## REQUIRED WORK
Please repeat the entire listing verbatim and keep the pictures out.

## DATA EXCERPT
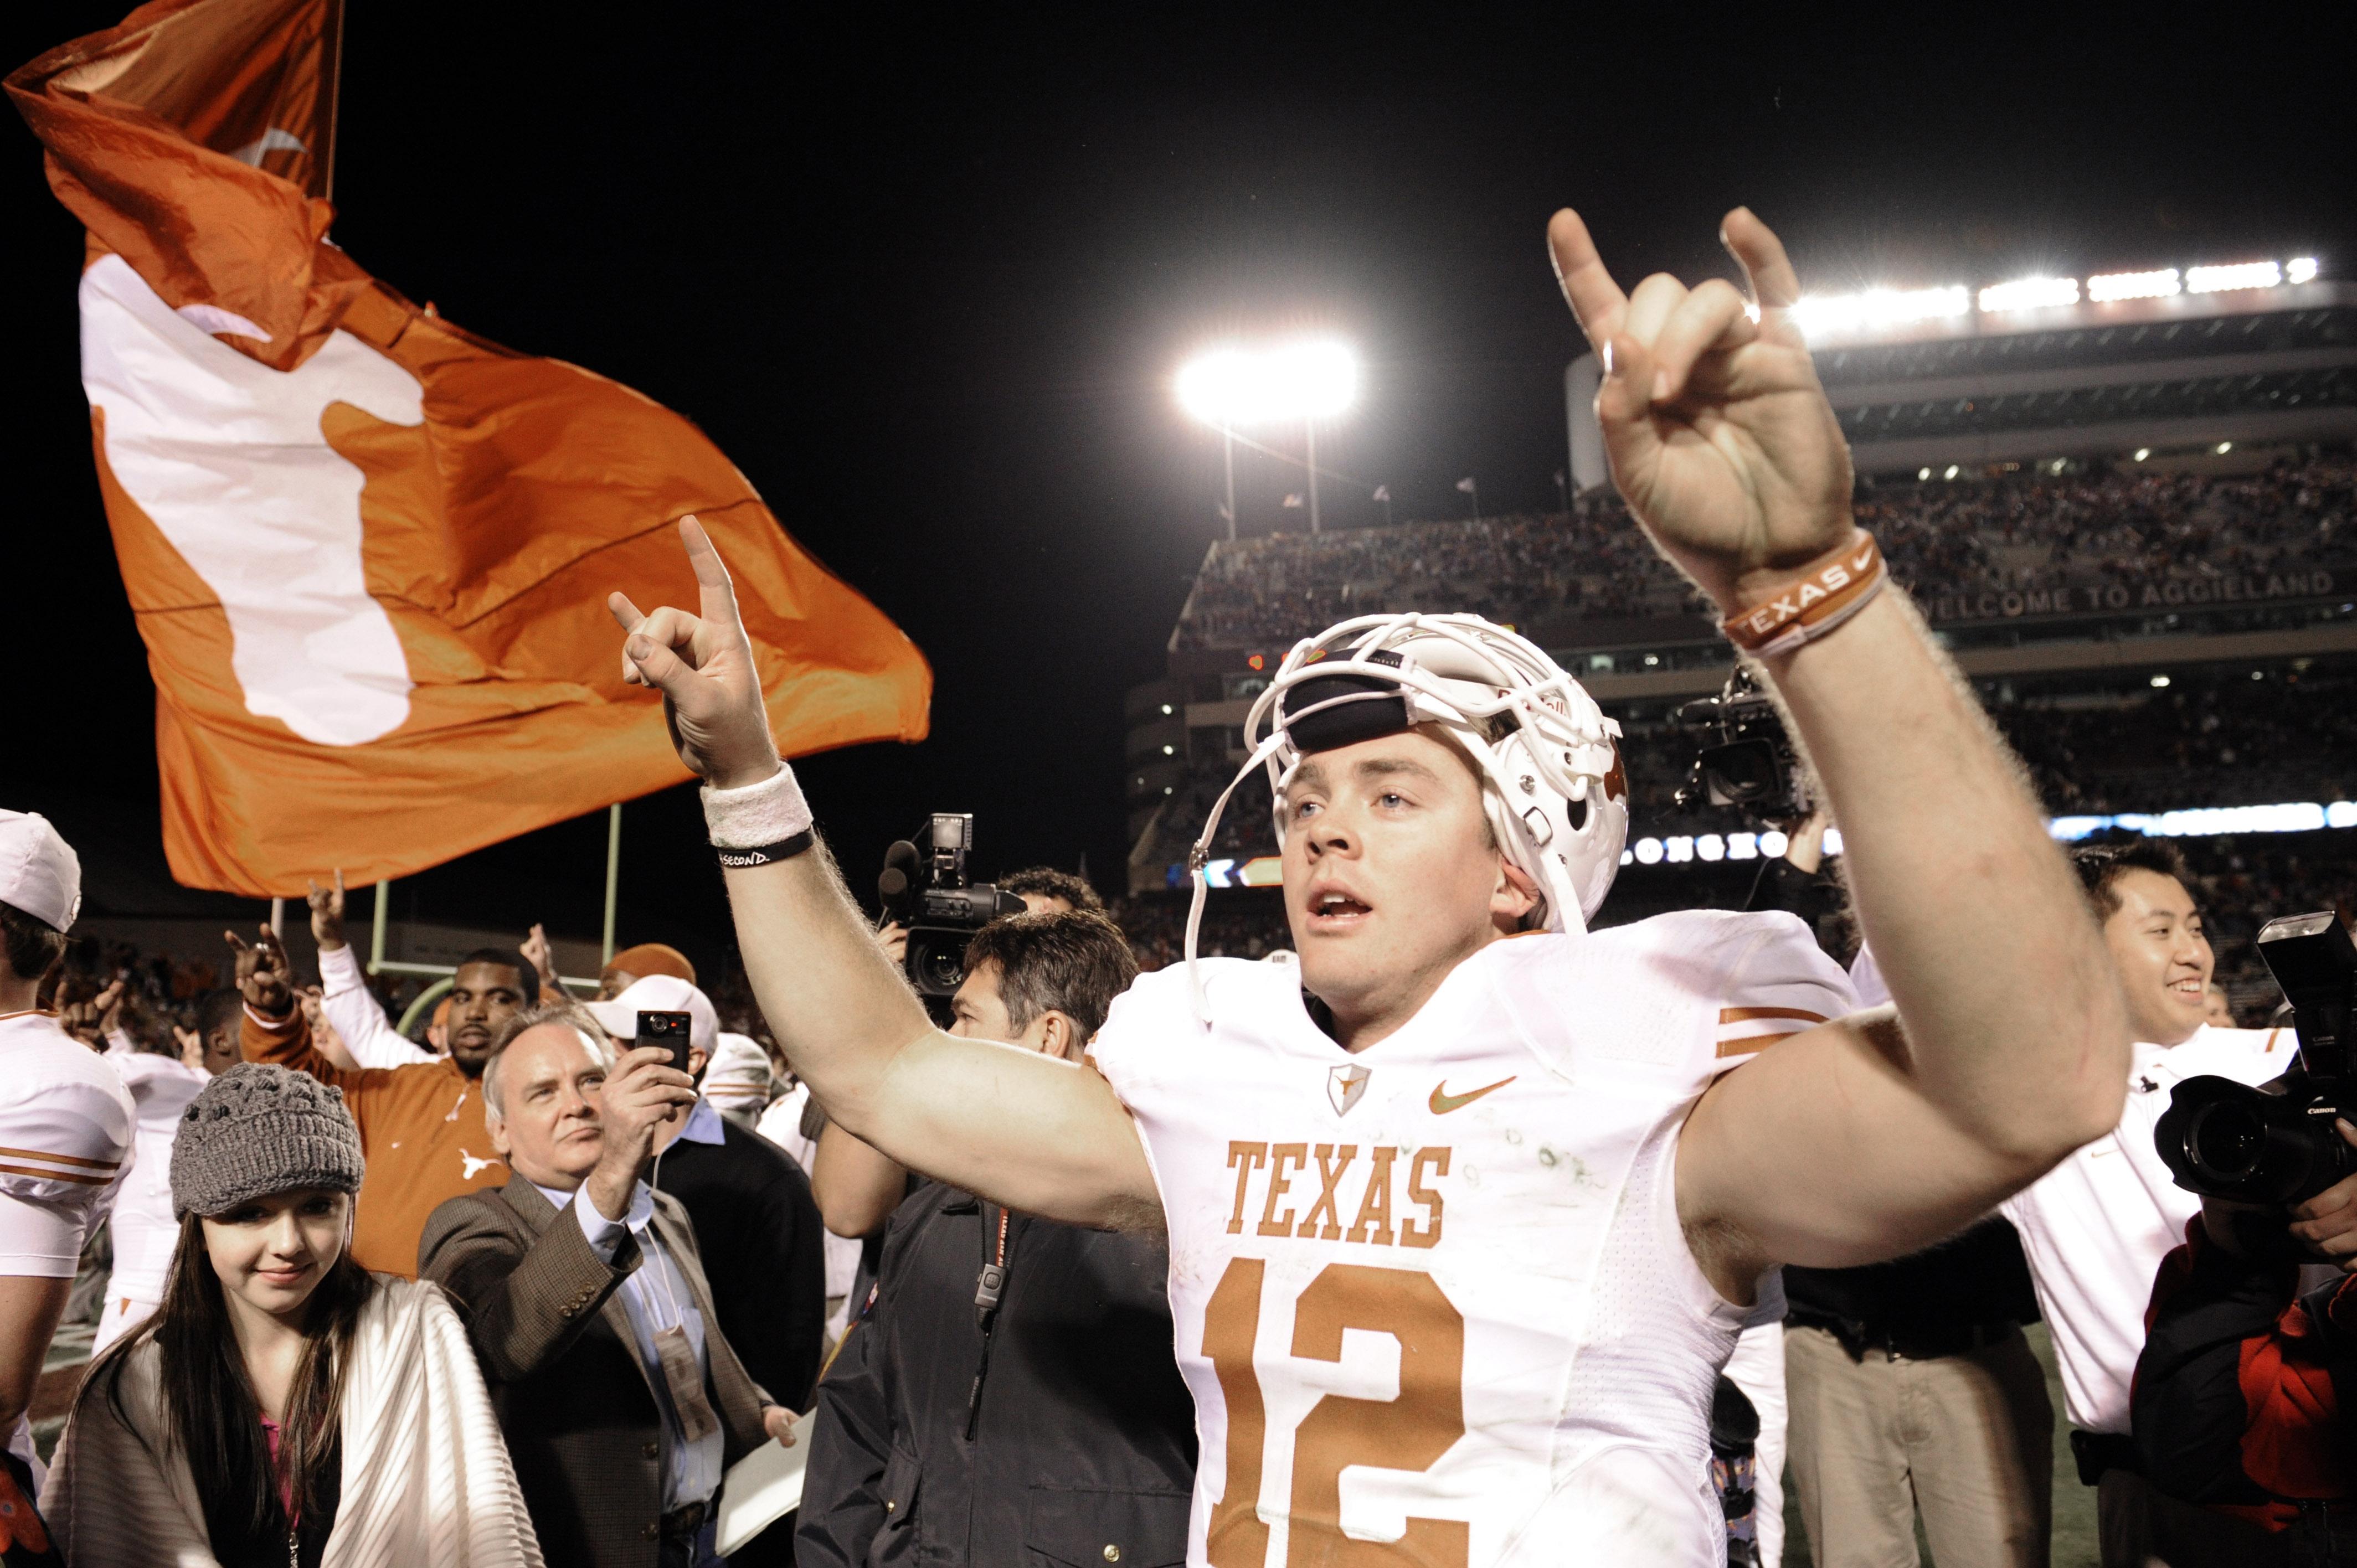 Texas quarterback Colt McCoy (12) celebrates after their NCAA college football game against Texas A&M Thursday, Nov. 26, 2009 in College Station, Texas. Texas beat Texas A&M 49-39. (AP Photo/Dave Einsel)
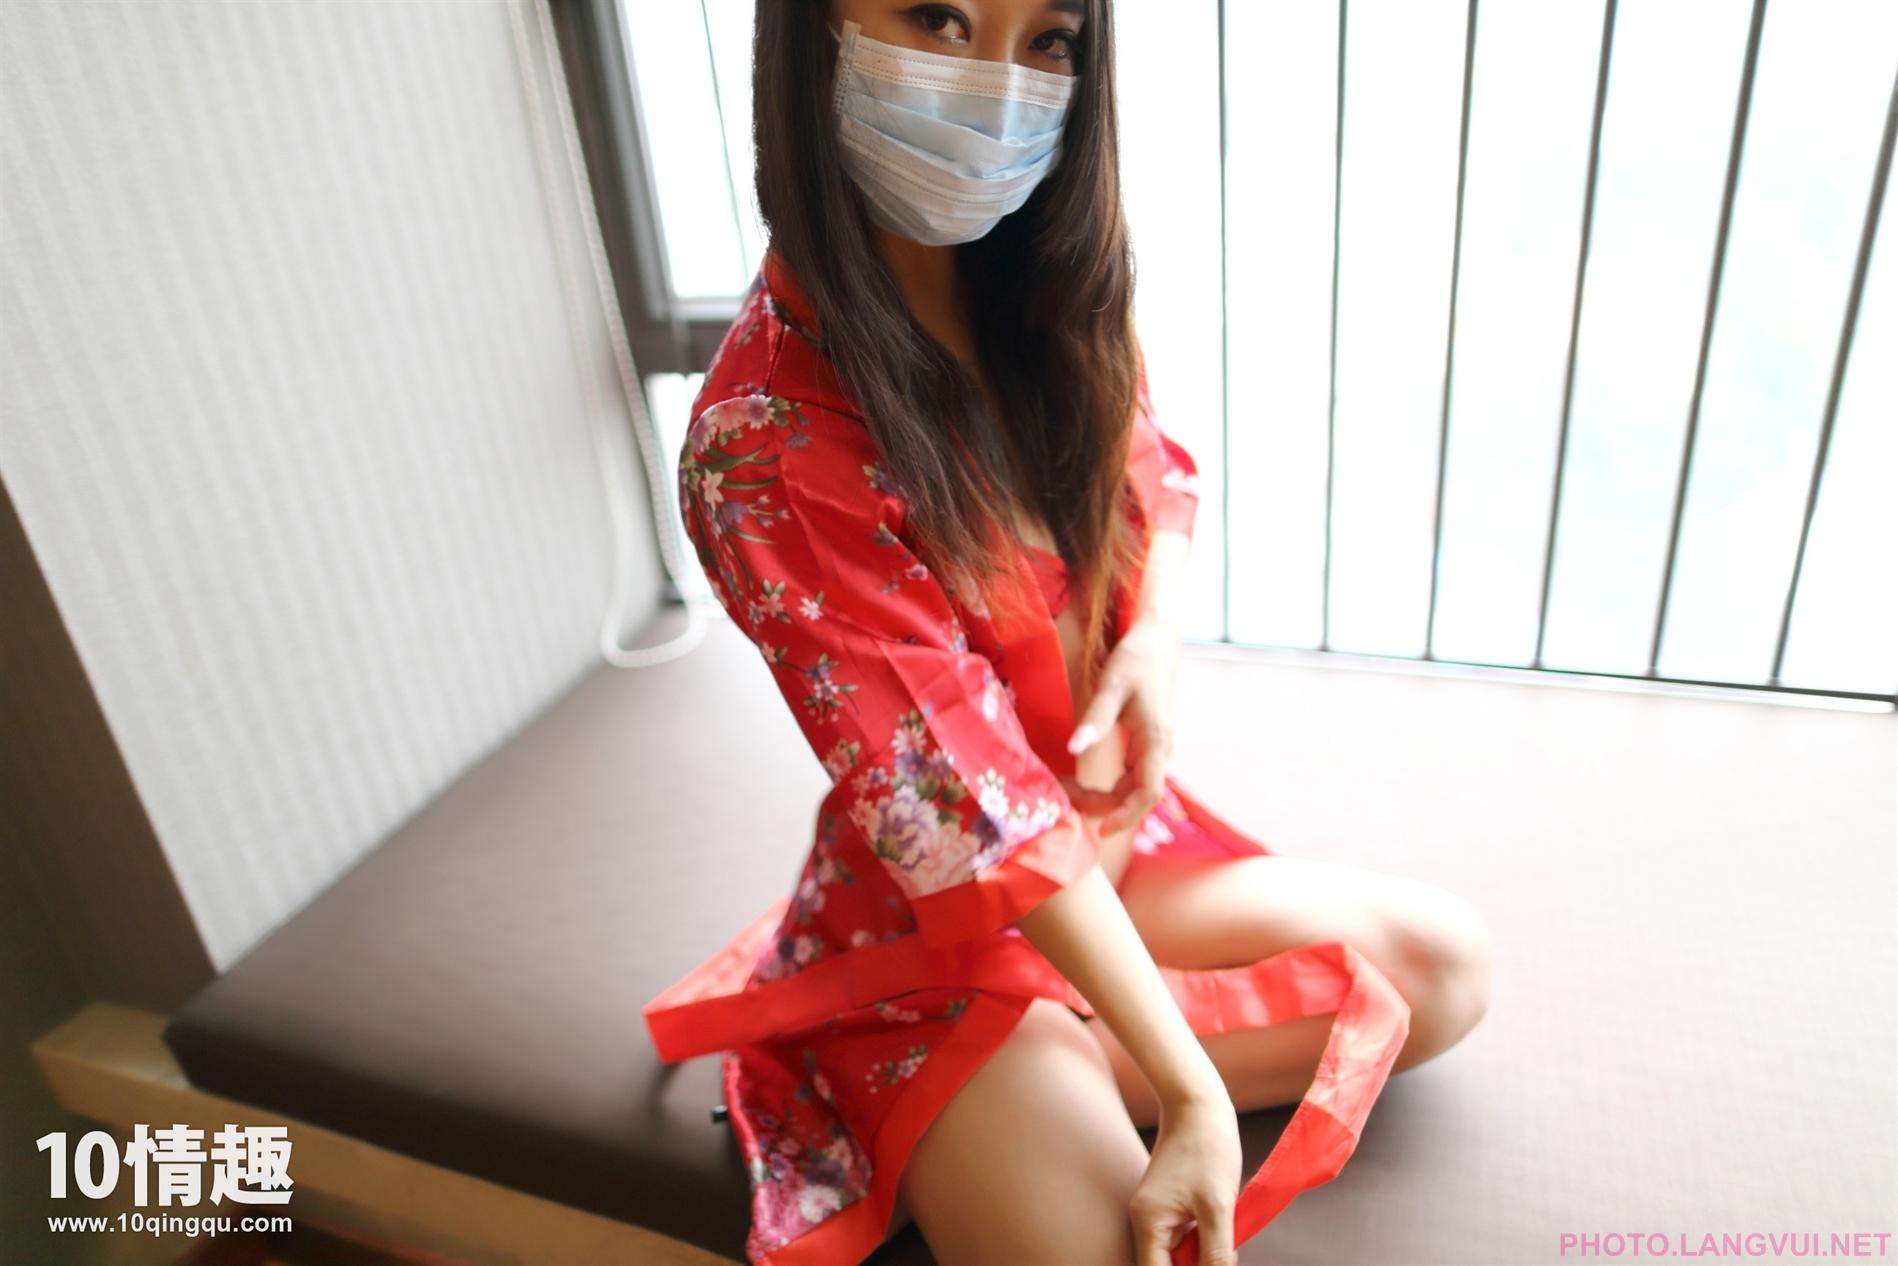 10QingQu Mask Series No 065
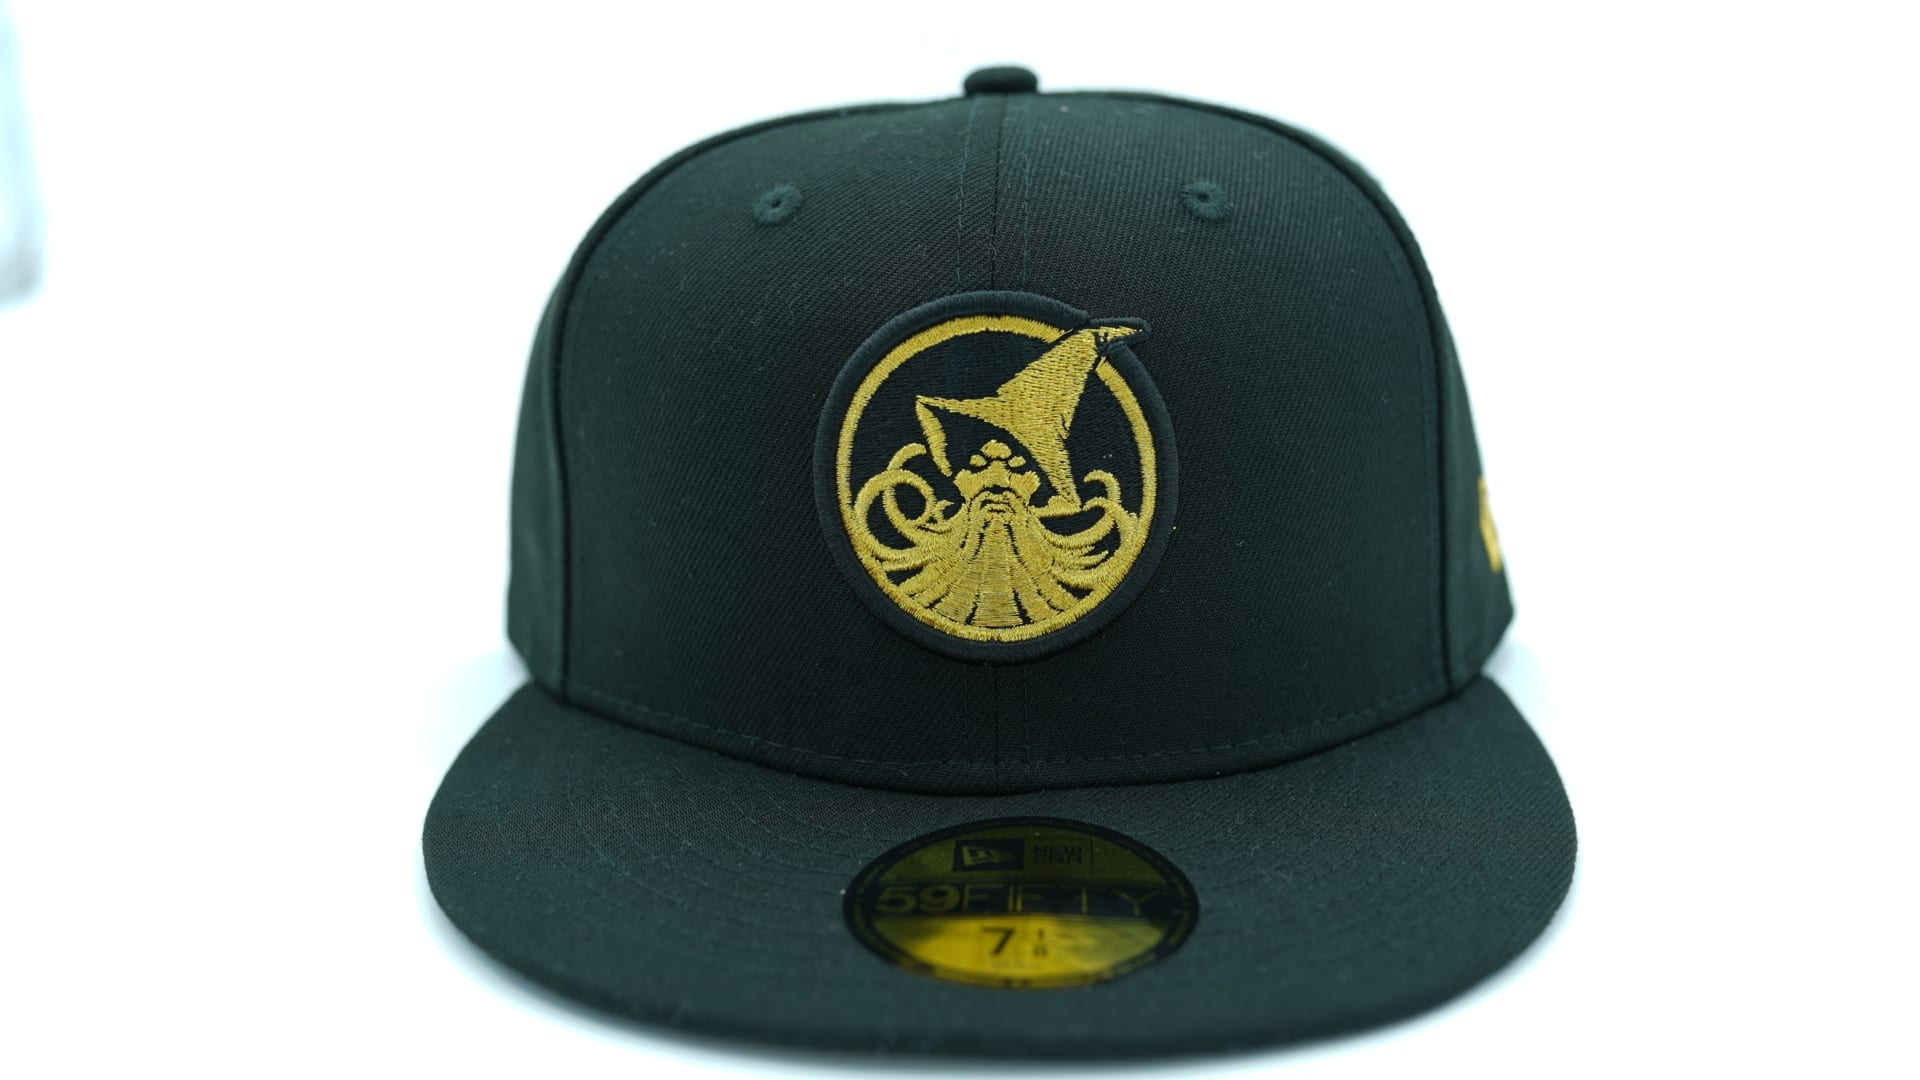 spaulding-philadelphia-style-fitted-cap.jpg

## TASK ANSWER
 Texas quarterback Colt McCoy (12) celebrates after their NCAA college football game against Texas A&M Thursday, Nov. 26, 2009 in College Station, Texas. Texas beat Texas A&M 49-39. (AP Photo/Dave Einsel)
 10QingQu Mask Series No 065
 spaulding-philadelphia-style-fitted-cap.jpg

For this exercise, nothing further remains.